Starting from rest, the time required by the electron to fall through a distance \(h\) is \[ t_e = \sqrt{\frac{2h}{a_e}} = \sqrt{\frac{2h m_e}{eE}} \] For \(e = 1.6 \times 10^{-19}\,\mathrm{C}\), \(m_e = 9.11 \times 10^{-31}\,\mathrm{kg}\),\\ \(E = 2.0 \times 10^4\,\mathrm{N\,C}^{-1}\), \(h = 1.5 \times 10^{-2}\,\mathrm{m}\), \[ t_e = 2.9 \times 10^{-9}\,\mathrm{s} \] In Fig. 1.10(b), the field is downward, and the positively charged proton experiences a downward force of magnitude \(eE\). The acceleration of the proton is \[ a_p = \frac{eE}{m_p} \] where \(m_p\) is the mass of the proton; \(m_p = 1.67 \times 10^{-27}\,\mathrm{kg}\).\\ The time of fall for the proton is \[ t_p = \sqrt{\frac{2h}{a_p}} = \sqrt{\frac{2h m_p}{eE}} = 1.3 \times 10^{-7}\,\mathrm{s} \] Thus, the heavier particle (proton) takes a greater time to fall through the same distance. This is in contrast to 'free fall under gravity', where the time of fall is independent of the mass of the body.

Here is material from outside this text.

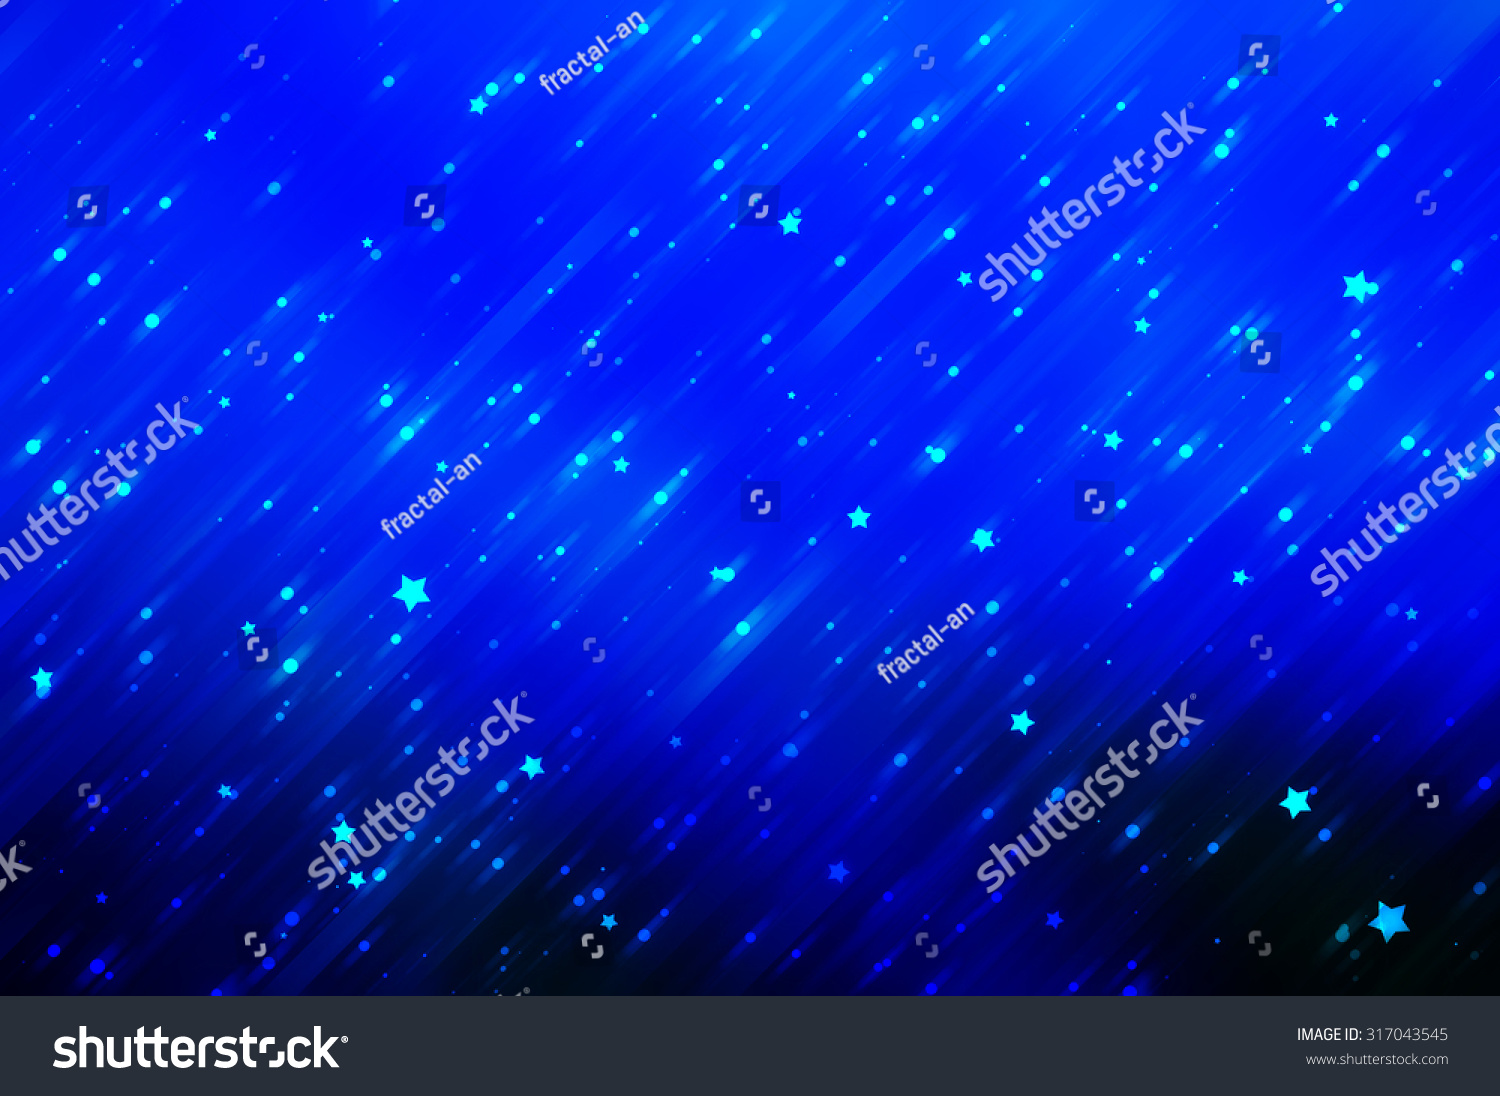 Blue Bright Abstract Background With Stars Stock Photo 317043545 ...

To justify neglecting gravity, calculate the acceleration of the proton in the electric field: \[ a_p = \frac{eE}{m_p} = \frac{(1.6 \times 10^{-19}\,\mathrm{C}) \times (2.0 \times 10^4\,\mathrm{N\,C}^{-1})}{1.67 \times 10^{-27}\,\mathrm{kg}} = 1.9 \times 10^{12}\,\mathrm{m\,s}^{-2} \] This is enormous compared to the value of \(g\) (\(9.8\,\mathrm{m\,s}^{-2}\)), so the effect of acceleration due to gravity can be ignored.